You will need a machine with an empty block device (just replace the path to the device in DOCKER_DATA_DISK
) and it will setup docker with devicemapper through lvm's thin-pool, run a container, then cadvisor and then stop & rm the first container.
#!/bin/bash
DOCKER_DATA_DISK=/dev/vdb
set -exo pipefail
setenforce Permissive
yum update -y
yum install -y lvm2
systemctl enable lvm2-lvmetad
systemctl start lvm2-lvmetad
pvcreate $DOCKER_DATA_DISK
vgcreate data $DOCKER_DATA_DISK
lvcreate -l 100%free -T data/docker_thin
curl -sSL https://get.docker.com/ | sh
mkdir -p /etc/systemd/system/docker.service.d
cat <<EOF > /etc/systemd/system/docker.service.d/docker-lvm.conf
[Service]
ExecStart=
ExecStart=/usr/bin/docker daemon -H fd:// \
-s devicemapper \
--storage-opt dm.thinpooldev=/dev/mapper/data-docker_thin
TimeoutStartSec=3000
EOF
systemctl daemon-reload
systemctl enable docker
systemctl start docker
sleep 3
docker run \
--name=test \
-d \
debian:jessie \
/bin/sh -c "while true; do foo; sleep 1; done"
docker run \
-d \
--volume=/:/rootfs:ro \
--volume=/var/run:/var/run:rw \
--volume=/sys:/sys:ro \
--volume=/var/lib/docker/:/var/lib/docker:ro \
--name=cadvisor \
google/cadvisor:v0.23.1 \
-docker_only \
--disable_metrics="tcp,disk"
docker stop test
docker rm test
The output is:
... some data ...
+ docker stop test
test
+ docker rm test
Error response from daemon: Unable to remove filesystem for 7d7513b0c3310f26e7425728f9c34e219db53a5e4dbb6e0e4259c2e6eb760044: remove /var/lib/docker/containers/7d7513b0c3310f26e7425728f9c34e219db53a5e4dbb6e0e4259c2e6eb760044/shm: device or resource busy
On Ubuntu 14.04, using --disable_metrics="tcp,disk"

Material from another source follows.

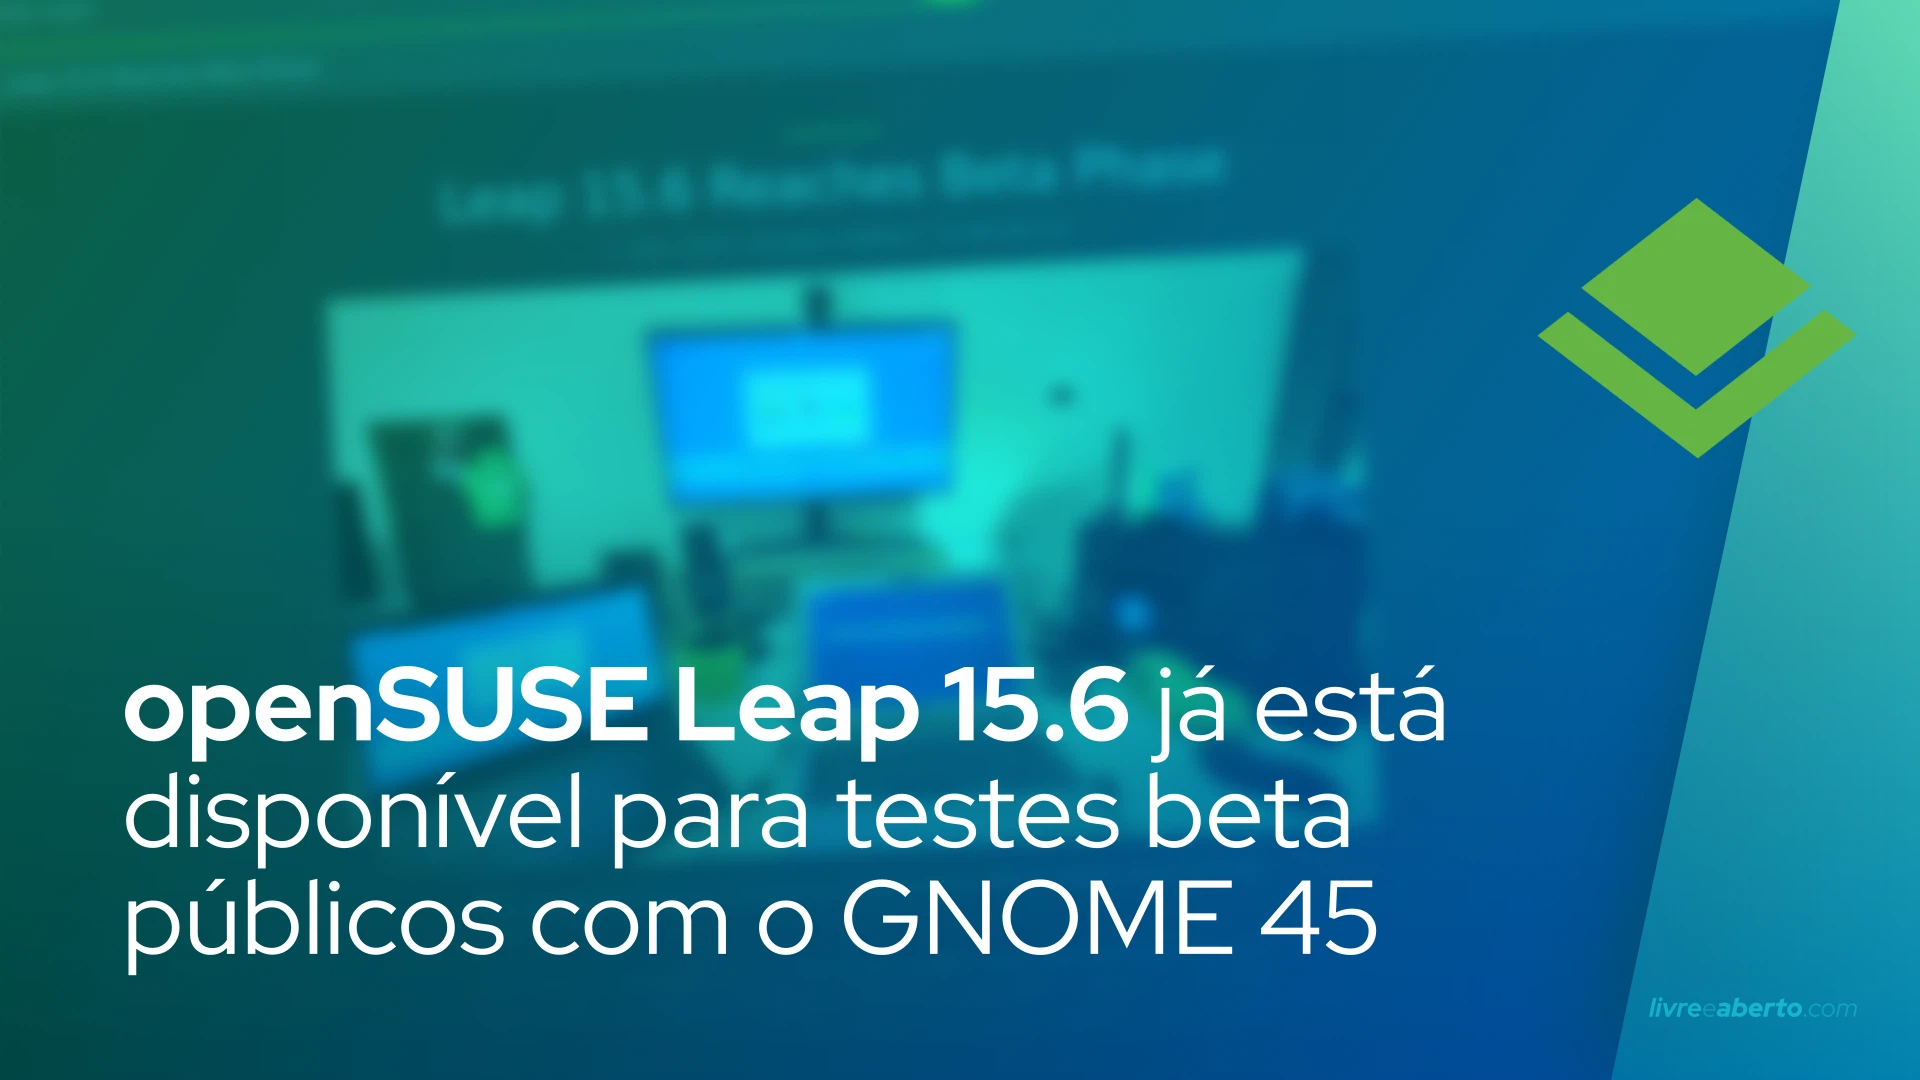 openSUSE Leap 15.6 já está disponível para testes beta públicos com o GNOME 45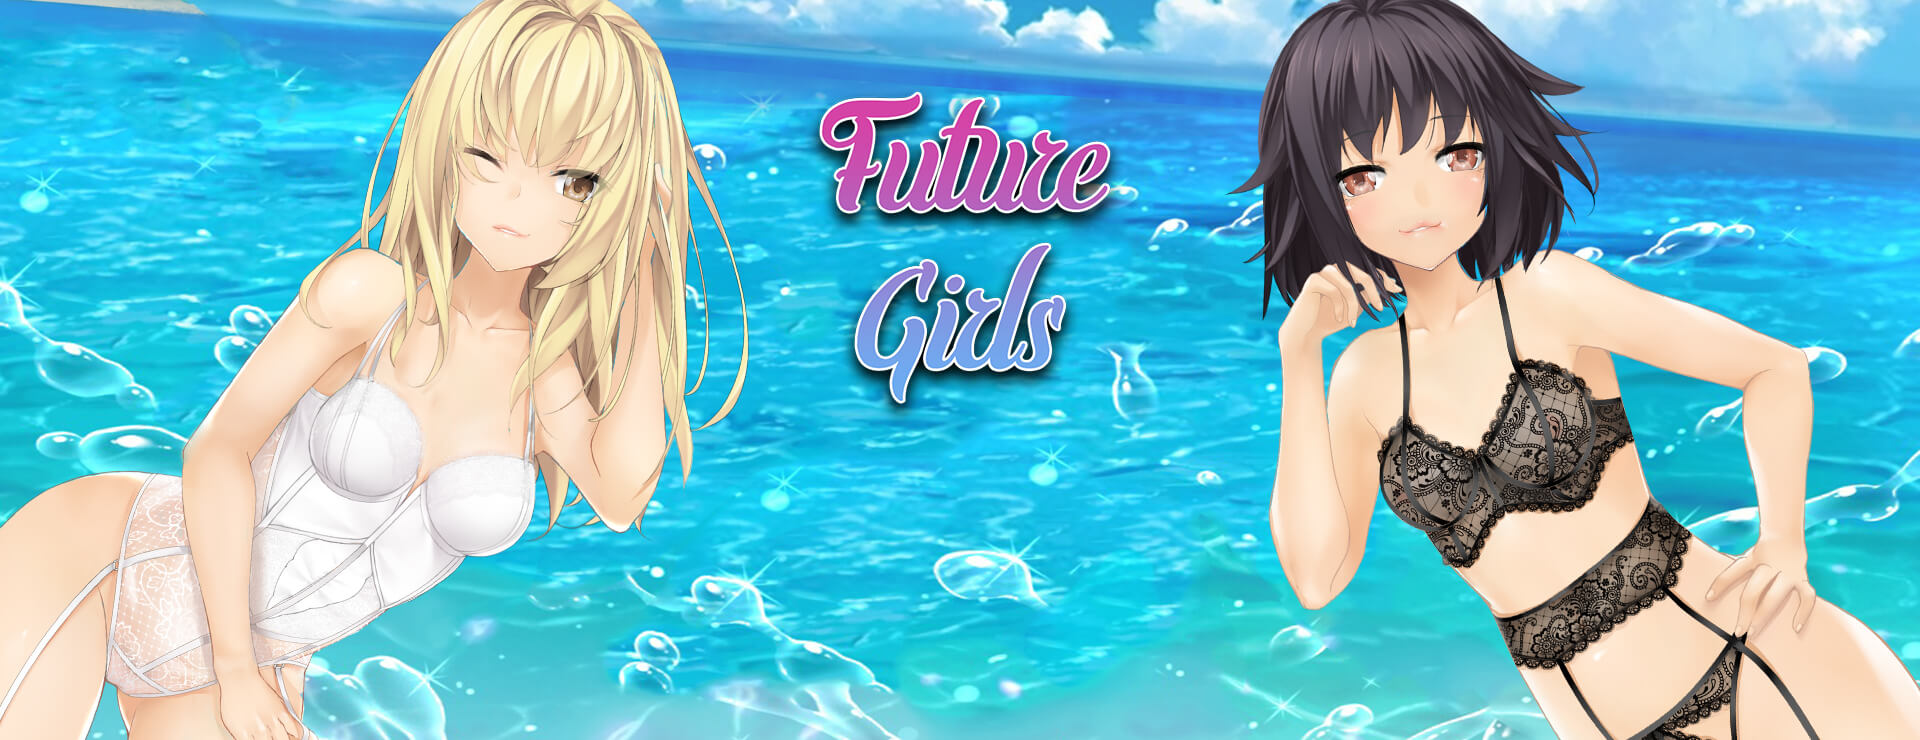 Future Girls - 虚拟小说 遊戲

still does not fix the problem. I've confirmed @ashkop 's observation: If cAdvisor is started after another container, then removing said container fails.
To get around this issue i have tried running cadvisor as standalone..however it does not get data while i am using RHEL , cadvisor complains "unable to get fs usage from thin pool for device".. it seems it cant get right information about the storage driver. Using RHEL 7.1 version 0.23.3 (6607e7c) docker 1.9.1
Anybody tried similar
This issue is hitting us often and affecting production container deployments (Debian 8.5 hosts, Docker 1.11.1).
Can anyone spell out what we lose by omitting the /:/rootfs:ro
mount? Is it just disk usage metrics?
AFAIK, it should be just the disk usage metrics
On Tue, Jul 19, 2016 at 2:38 PM, Shane StClair notifications@github.com wrote:
This issue is hitting us often and affecting production container deployments (Debian 8.5 hosts, Docker 1.11.1).
Can anyone spell out what we lose by omitting the /:/rootfs:ro mount? Is it just disk usage metrics?
— You are receiving this because you were mentioned. Reply to this email directly, view it on GitHub https://github.com/google/cadvisor/issues/771#issuecomment-233774348, or mute the thread https://github.com/notifications/unsubscribe-auth/AGvIKN3e53lwmDwcVP7hDBloCHdfD_Dsks5qXUO_gaJpZM4FBIxe .
Hi all, I have a problem using cadvisor on centos 7. When cadvisor is running, docker failes to remove other containers saying that the containers filesystem is busy. After stopping cadvisor is stopped container removal is working again.
I demostrated that in this gist: https://gist.github.com/cornelius-keller/0fd2d23b68ccd88c9328
I also included os version and docker info in the gist.